5. Trust that grants itself is not trust

There was a trust system designed to stop a malicious project from injecting instructions into the agent, and it auto-trusted every new directory the first time it was opened. The protection existed and defeated itself in the same breath. Clone a hostile repository, open it, and its instructions loaded as if you had vouched for them. A trust boundary that grants itself is decoration. The fix was to make the human do the granting.

6. The supply chain is part of the agent

Two findings had nothing to do with the agent’s runtime and everything to do with whether it could be trusted to keep working. The model identifiers were hardcoded and had quietly gone stale. One had already been retired by the provider and was returning errors, and others were days from the same fate. We replaced the hardcoded list with live discovery from each provider, so the agent learns what models exist instead of asserting it. A routine dependency audit also turned up eleven known vulnerabilities, two of them critical, which we cleared as part of the release.

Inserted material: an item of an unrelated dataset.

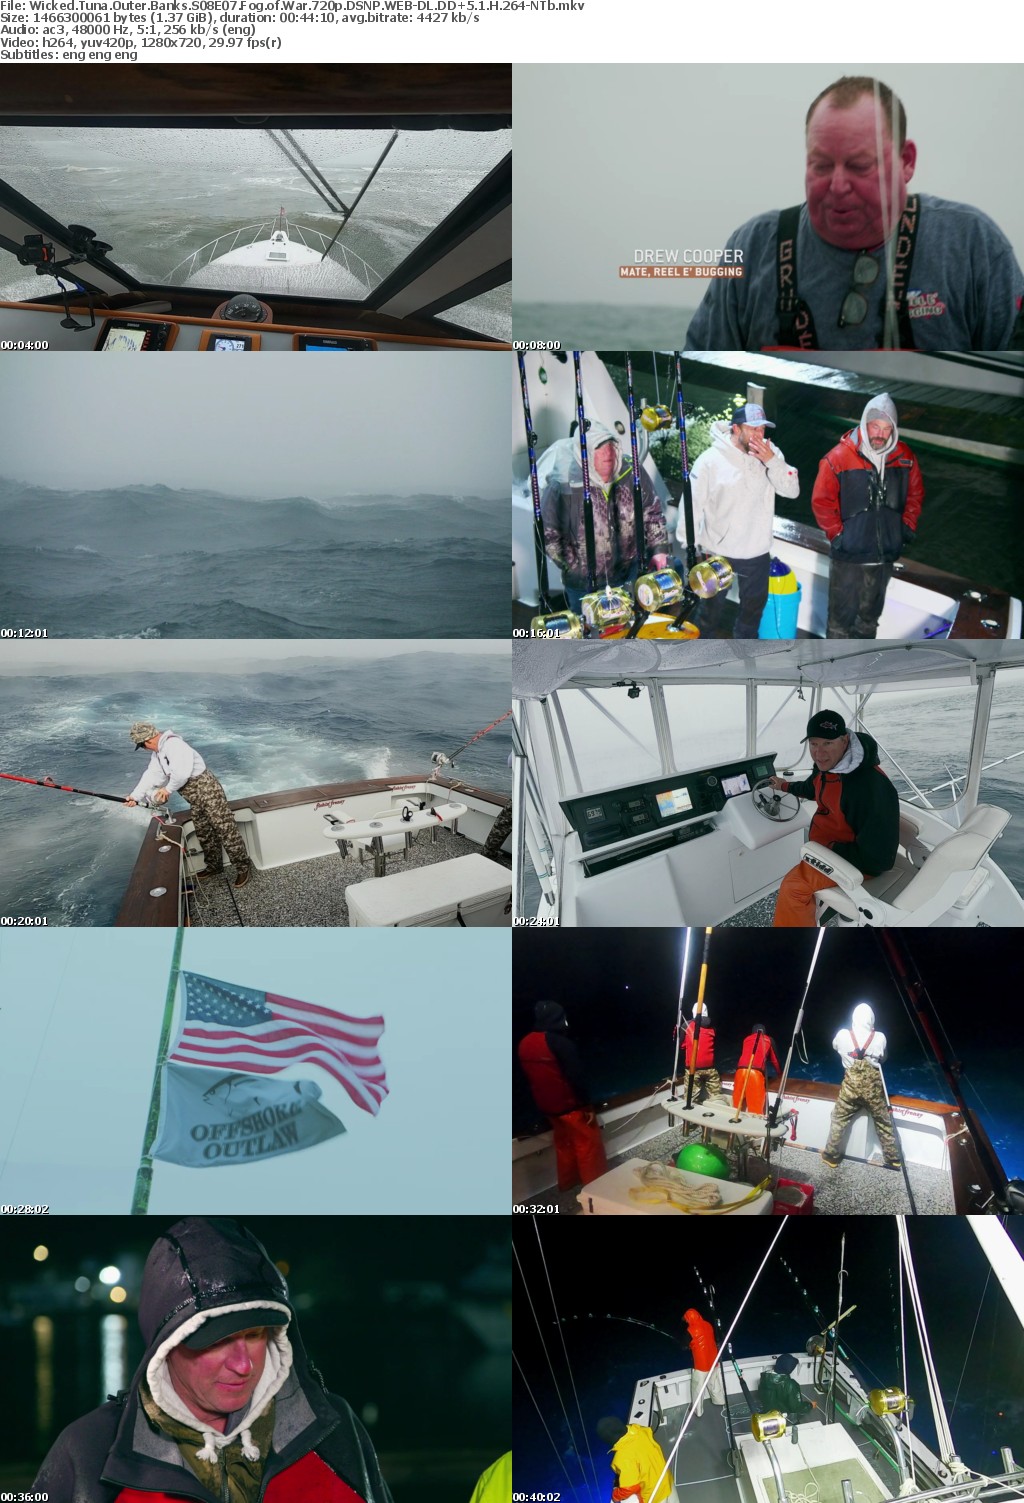 Wicked Tuna Outer Banks S08E07 Fog of War 720p DSNP WEBRip DDP5 1 x264-NTb

Agents are long-lived processes wired to a half-dozen external services. The supply chain, meaning model endpoints, package dependencies, and the provenance of what you install, is not adjacent to the agent’s security. It is the agent’s security.

7. A fix that never ships is not a fix

The finding with the sharpest governance lesson was not in the code at all. It was in the release pipeline. Three consecutive releases had failed to publish to the package registry, silently, because the failure was buried in a build step nobody was watching. The practical effect: every user was running a version several releases behind, unable to receive any of the fixes above even after we wrote them.

This is the gap that governance exists to close. “Fixed in the main branch” and “shipped to the people running it” are different states, and the distance between them is where security debt accumulates. An audit that produces patches nobody can install has produced a report, not a remediation. We fixed the pipeline first, and then everything else could actually reach a user.

The discipline is the product

None of these is exotic, and that is the point. Command injection, fail-open isolation, unbounded egress, self-granting trust, a stale supply chain, and a broken release path are the standard surface of any system that lets a model act in the world. If you run agents in the enterprise, this is the class of risk you inherit, whether or not anyone has written it down.

We found ours by looking, on purpose, against a checklist, before the issues had a chance to matter. Then we shipped the fixes, and the pipeline that lets fixes ship. The work was tedious and unglamorous, which is exactly what security work is. The agents and the tooling are the visible product. The discipline of auditing them, hardening them, and getting the fixes into users’ hands is the real one.